The banking crisis has to do with risk. When you loan to people who can never pay back what you are giving them, you are taking uacceptable and unsustainable risk.
 
DavidEduardo said:
radioeye said:
Banking doesn't work that way, you've got to have sufficient equity to protect the loan, CC doesn't. Also, a huge cash machine presumes that you can pay the debt, not so in this case. Wish it as you may..... the mega bankers don't agree with you. Otherwise, it's would be done deal.

As this has developed in the last 24 hours, it is apparent tht the equity is there. What is at issue is who gets the proceeds of the sell off of assets like the non-domestic divisions... the banks want it to go to the loans, the investment bankers want to take it themselves.

The banking crisis has to do with the people/companies that can't pay their bills, not companies that are hugh cash machines.

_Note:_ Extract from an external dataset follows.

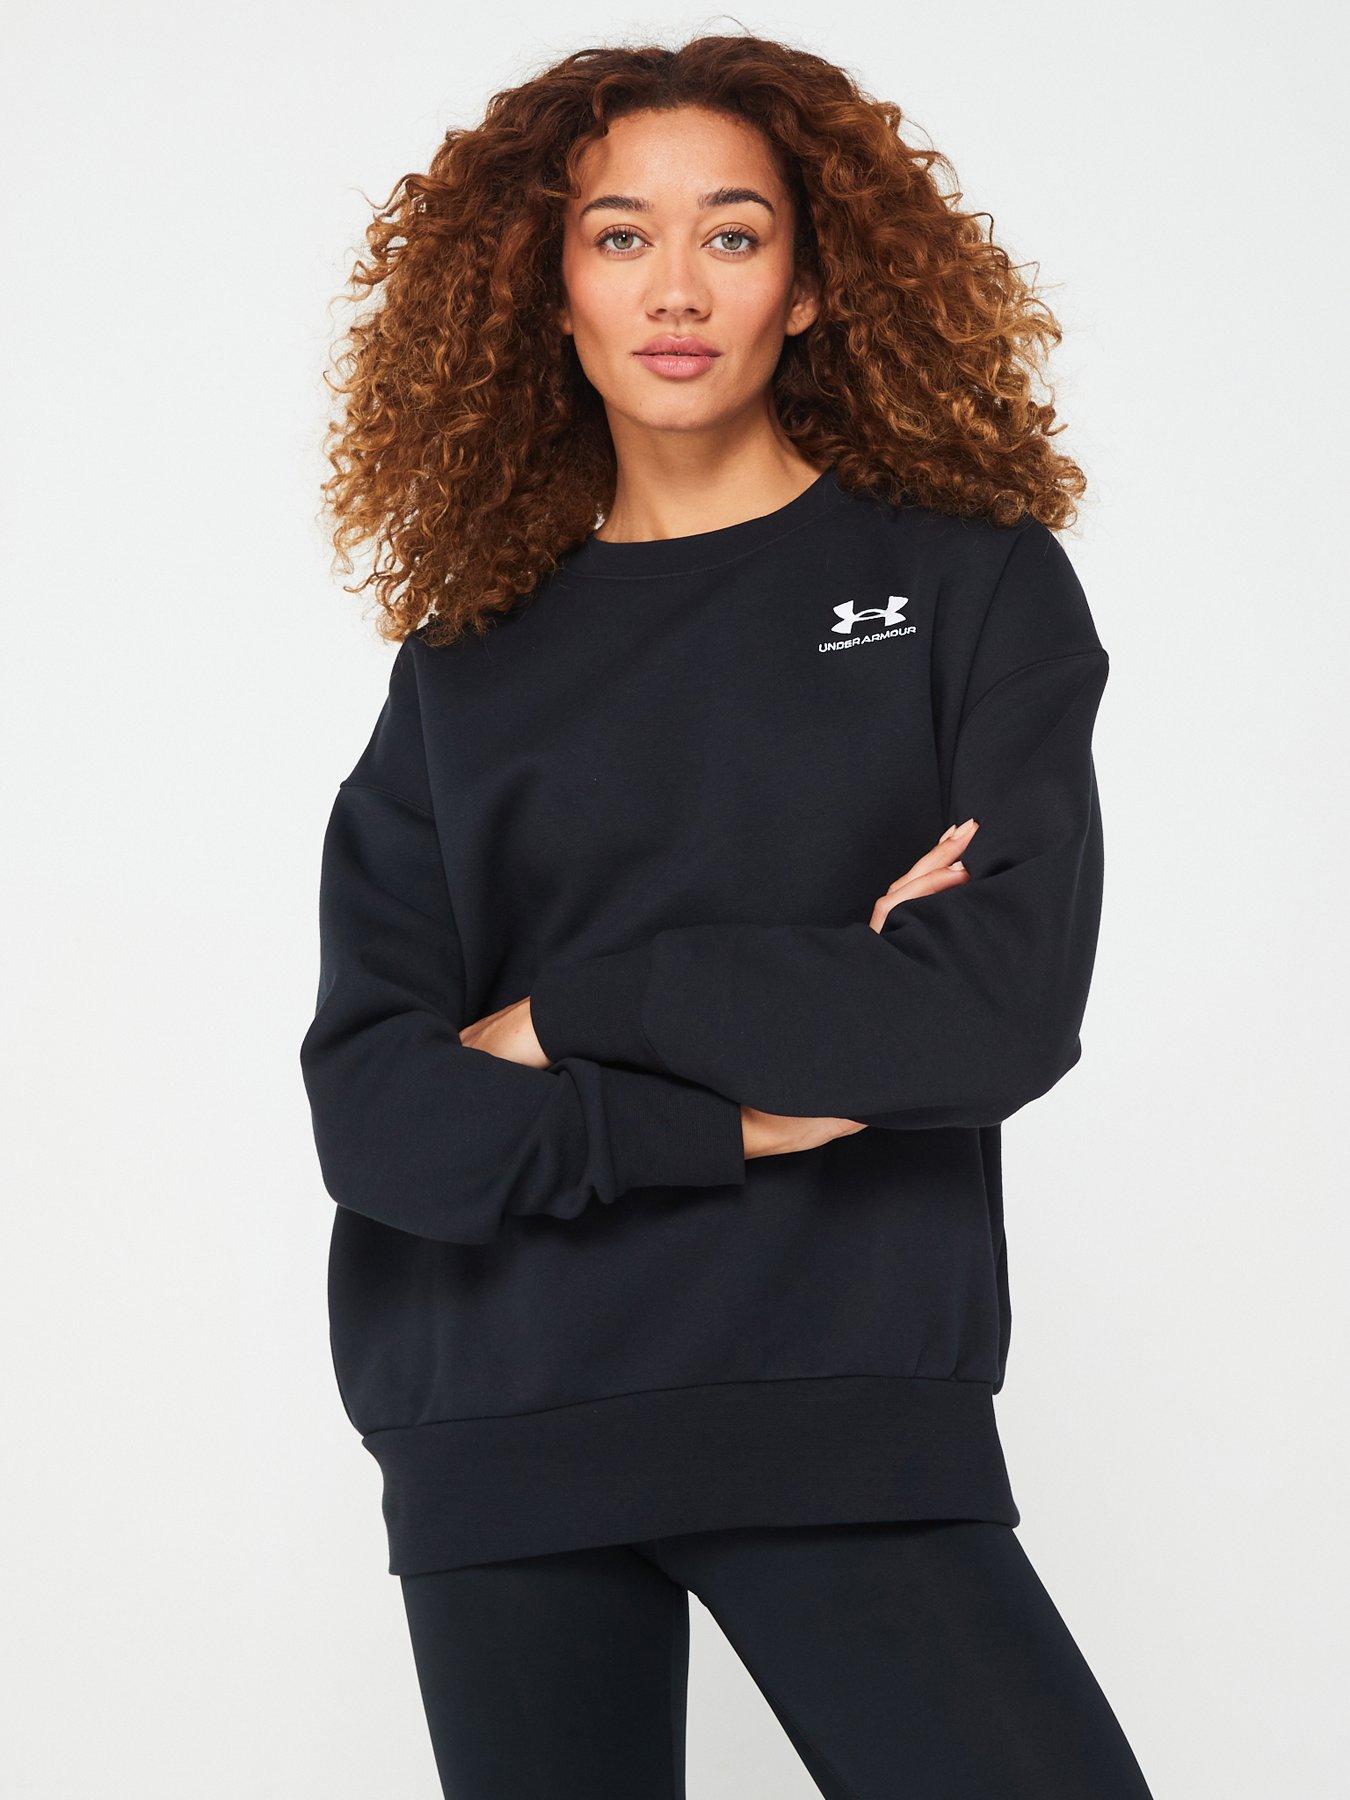 XL, Hoodies & sweatshirts, Women

The banking crisis has to do with risk. When you loan to people who can never pay back what you are giving them, you are taking uacceptable and unsustainable risk.

I don't know what news your following, but it's wrong. Your logic is flawed and pays no respect to reality. Today, the SA court ruled that the banks cannot interfer with the sale, but did not rule that it must fund.

The Clear Channel assets are not worth what the were worth 18 months ago, that is the simple truth.